Deploying virtual services increases the need for strong assurance systems that enable operations and customer-facing teams to operationalize SDN/NFV deployments effectively. Service providers need end-to-end, top-to-bottom visibility and real-time analytics so performance issues can be identified, correlated and remediated quickly. Robust assurance delivers a seamless, high-quality experience that helps retain customers and supports sustainable business growth.

The challenges of transitioning to virtualized networks

Assuring virtual services presents challenges that are, in many cases, more complex than those of traditional, static networks. To date, much of the industry’s focus has been on network architecture and orchestration. The next critical phase is operationalizing virtual networks and assuring the performance and availability of the services running on them.

Transitioning to SDN and NFV goes beyond deployment, fulfillment and orchestration. Service assurance and performance management must be integrated into the process to ensure virtual services meet expectations. A major operational challenge will be monitoring and assuring networks in hybrid environments where legacy and virtual infrastructure co-exist — a reality that will persist for the foreseeable future.

The importance of assuring virtual networks

As networks evolve into hybrids of legacy and virtualized elements and ultimately toward fully virtualized environments, service providers need strategic assurance solutions designed to handle these changes. Without an end-to-end, scalable assurance framework in place at the time virtual services are deployed, providers risk not realizing the full benefits of SDN/NFV and may see degraded customer experiences.

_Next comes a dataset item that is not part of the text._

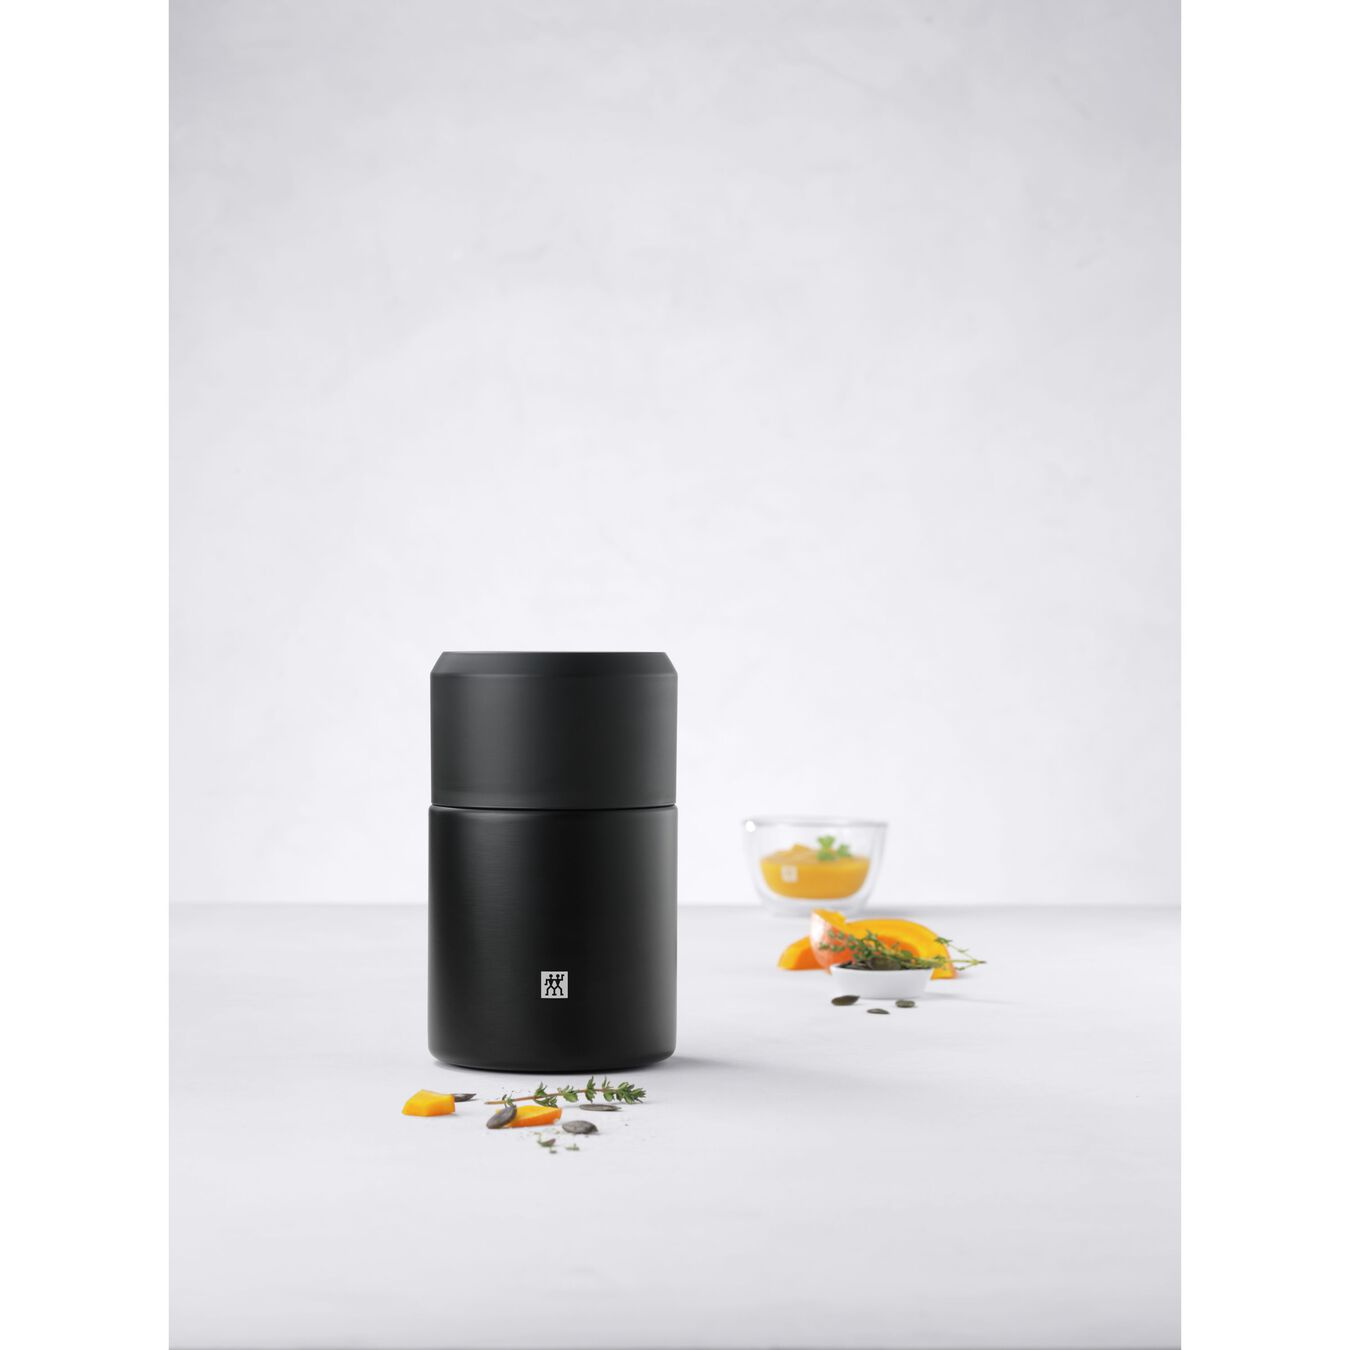 Recipiente alimentare - 700 ml, acciaio inox, nero,,large 6

An effective service assurance solution must integrate and correlate telemetry from both virtual and physical monitoring points across the network. Unlike legacy networks, which relied primarily on physical probes, virtualized environments require visibility into virtual network functions (VNFs), controllers, orchestration layers and their interactions with physical infrastructure. To achieve this, assurance platforms should come pre-integrated with SDN controllers, VNFs, network devices, element management systems and orchestration systems, enabling rapid adaptation and maintaining service quality.

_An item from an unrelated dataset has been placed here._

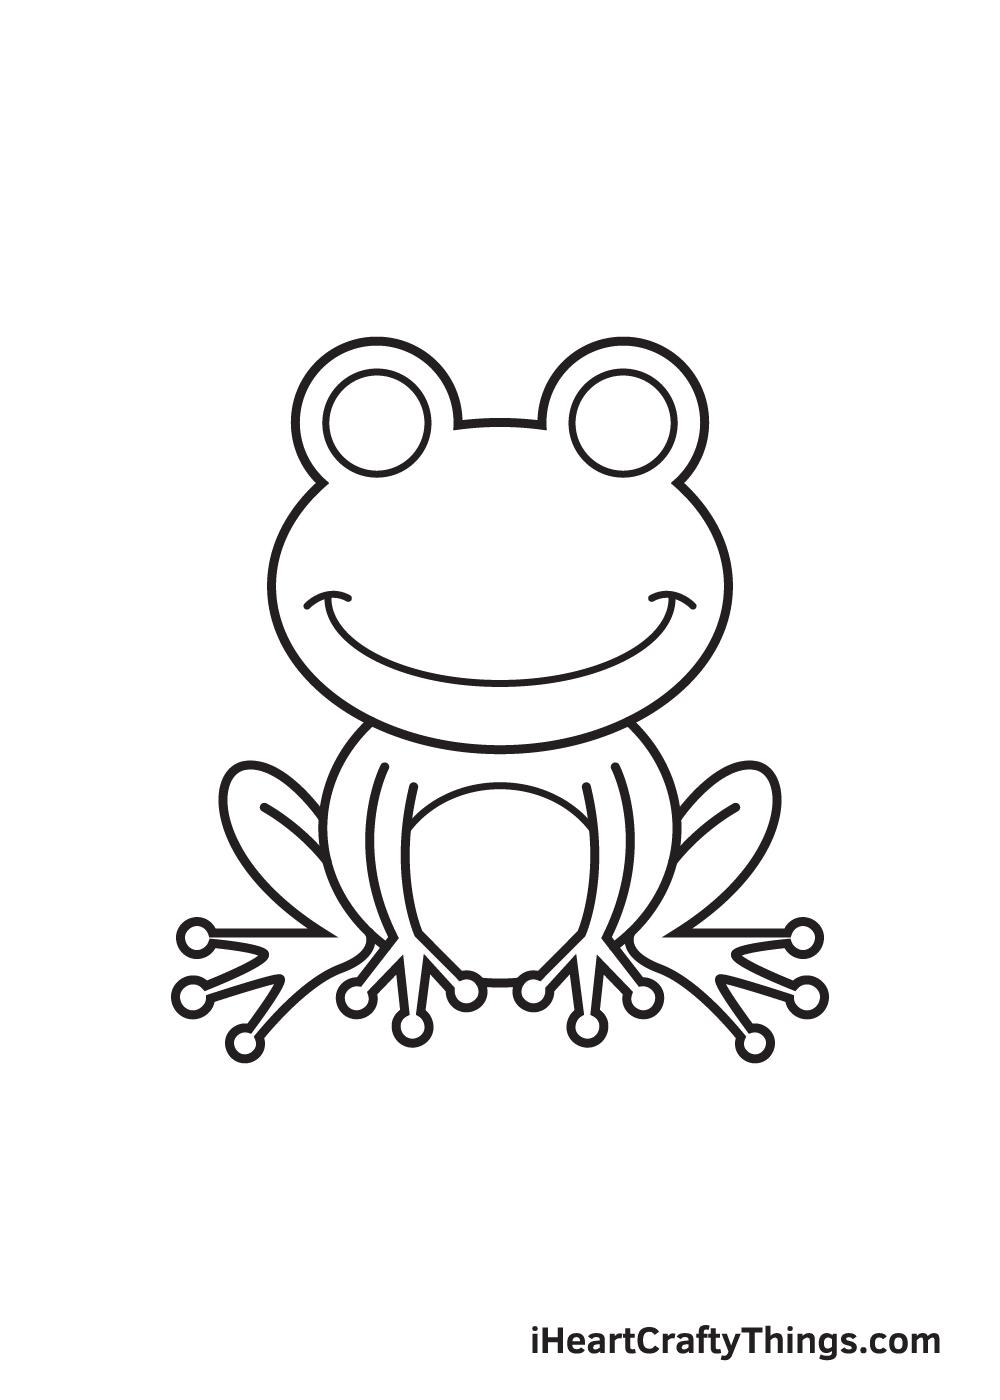 Frog Drawing – Step 8

Complex services such as virtualized EPC (vEPC), virtual CPE (vCPE) and SD-WAN will allow orchestrators and controllers to modify services dynamically and in real time. This demands that assurance systems adapt instantly to service changes so they accurately reflect the current state, topology and service paths of both virtual and hybrid services. A primary technical challenge will be preserving consistency of service performance metrics as virtual and physical components change over time.

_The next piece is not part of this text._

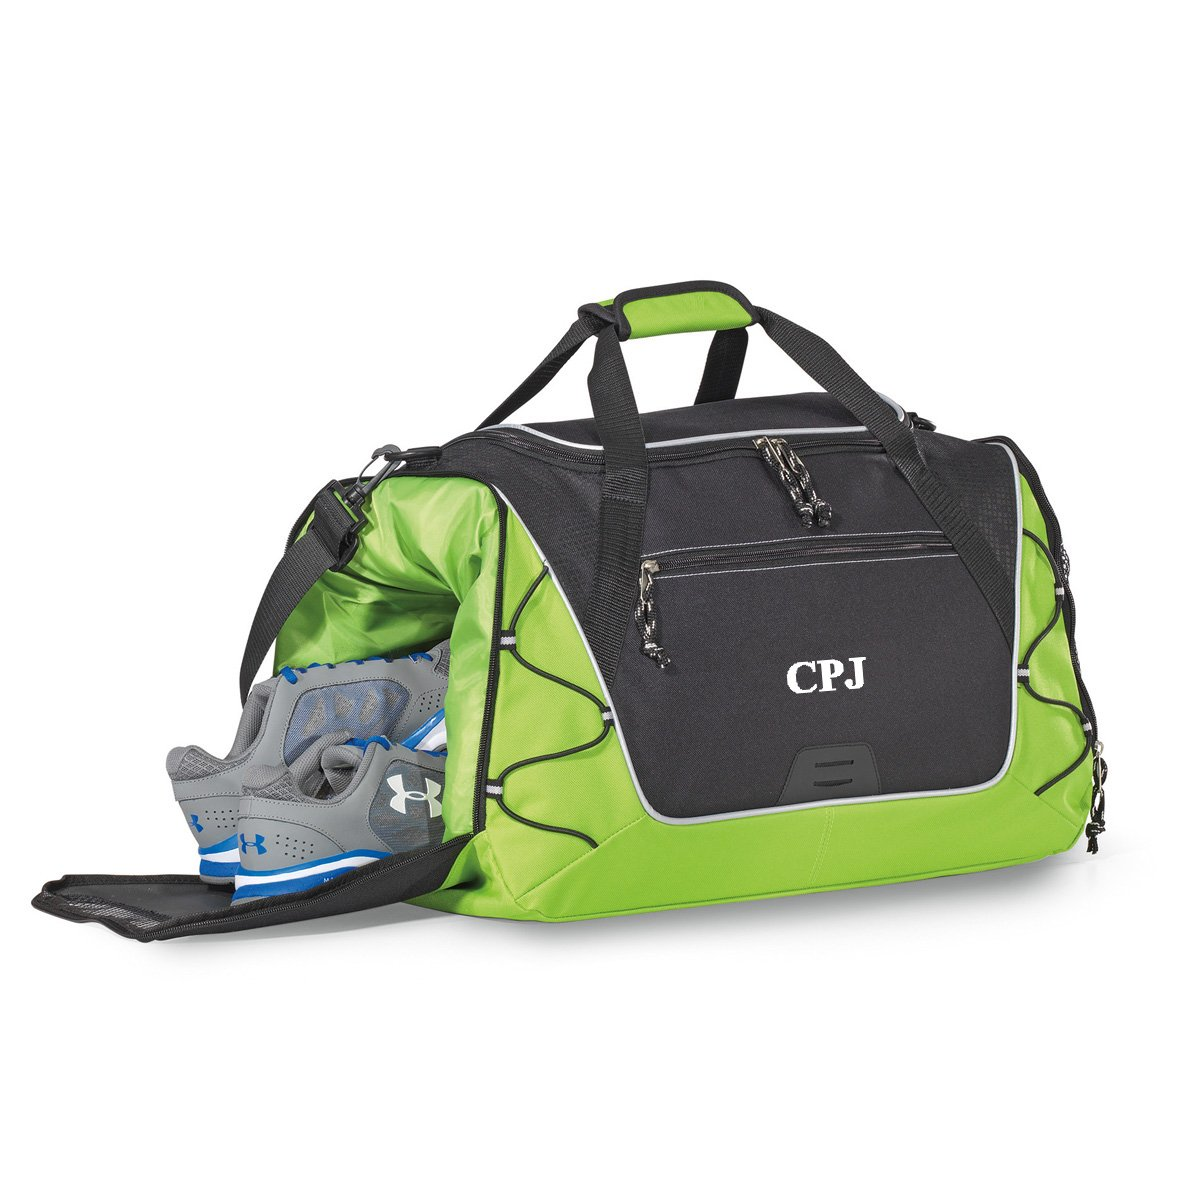 36c7b0d09d Amazon.com  Personalized Green Sports Duffel Bag – Gym Bag

Because orchestration and control layers like OpenStack and OpenDaylight — as well as various SDN controllers and orchestration platforms — will be central to virtual deployments, assurance solutions must integrate seamlessly with these systems. They need to adapt virtual service definitions in real time while retaining all historical health and performance data as services evolve. Key capabilities for assurance in virtualized environments include:

  • Automated service impact analysis and correlation to pinpoint root causes quickly
  • Closed-loop feedback mechanisms that enable automated remediation and service optimization to protect service integrity
  • Dynamic SLA management that monitors service-level agreements in real time even as services change

In short, service providers must take a proactive approach and plan for the operational challenges of SDN/NFV deployments. Prioritizing real-time service performance, end-to-end visibility and integrated assurance workflows will be essential to successful virtual service rollouts. Doing so not only preserves network health but also safeguards customer satisfaction — the ultimate measure of success.